Who remembers the gambling bug?
It’s a Warner Bros. Merrie Melodies cartoon from 1951 about a bug that causes gambling fever in anyone he bites.
In the cartoon’s intro a man puts a coin in a poker machine. He watches the wheels spin around until three oranges appear. Instead of a cash jackpot he gets three real oranges and, enraged, he punches the machine.
Next, the bug bites a cat’s ear. The cat feverishly begs the dog to “deal the cards, deal the cards”.
When the cat loses at gin rummy the dog’s penalties are grim.
First, the Gesundheit (the cat gets covered in bubblegum). Second, the William Tell (the dog fires a suction-head arrow at the cat’s face). And third, Roll out the Barrel (the cat is stuffed in a barrel which trails gunpowder up hill and down dale then the dog lights the fuse. KABOOM).
Like a lot of my favourite cartoons there’s a serious side to the humour.
And, as with many older cartoons, the message is clear.

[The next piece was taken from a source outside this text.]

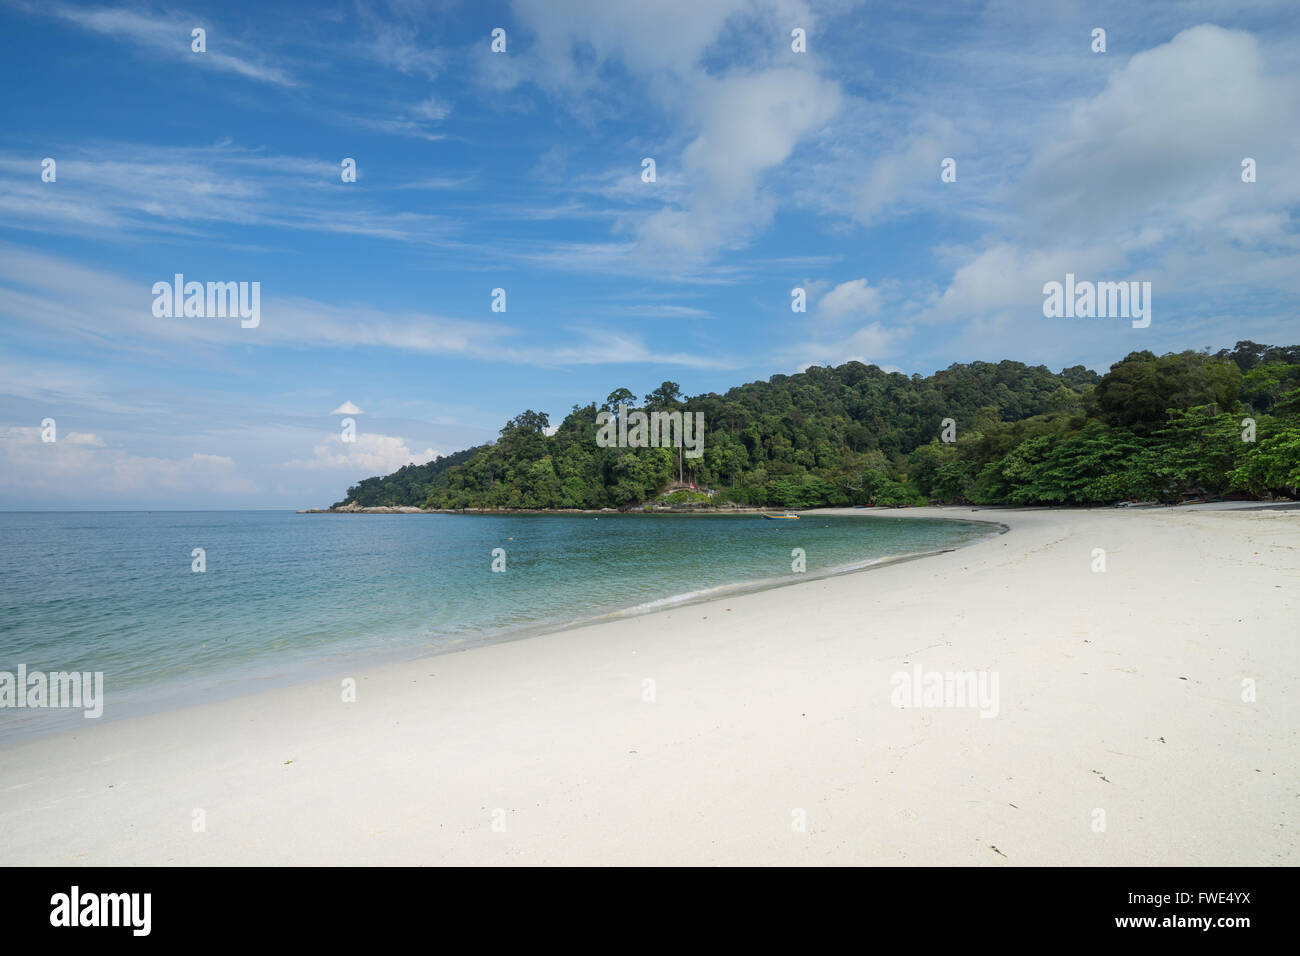 View of Teluk Nipah beach in Pangkor island, Malaysia. Stock Photo

The narrator tells the audience, “So remember folks, the gambling bug will get you if you don’t watch out.”
I credit my Christian upbringing with the fact I’ve never been bitten by the bug and yet I have seen gambling’s destructive effects.
President of the Uniting Church, the Rev. Alistair Macrae, says that each year thousands of children suffer because of the impact of someone’s poker machine gambling, with problem gamblers each affecting at least one child and adversely impacting upon ten others.
Three quarters of severe problem gamblers play poker machines, Mr Macrae says, and it is possible to lose $1,500 an hour on modern machines.
The social costs of problem gambling are also high. Relationship breakdown, mental health issues, unemployment, debt and financial hardship, theft and social isolation contribute to costs estimated at $4.7 billion a year.
In March the Uniting Church joined with others to launch the Australian Churches Gambling Taskforce — a group committed to fighting for gambling policy that supports consumer protection and harm minimisation.
It’s a fight that brings churches into conflict with some “high rollers” — politicians and industry players with vested interests in the continued growth of poker machine revenue in Australia.
The taskforce supports the introduction of pre-commitment technology on poker machines.
This technology requires gamblers to choose and stick to gambling limits.
ClubsAustralia is hitting back with a $20 million advertising campaign opposing it.
You can bet on one thing: This is a fight the families of problem gamblers hope the church taskforce wins.
Marjorie Lewis-Jones
PS: The gambling bug’s unexpected penalty was called The Post. See “Early to Bet” on DVD as part of Looney Tunes Golden Collection: Volume 1.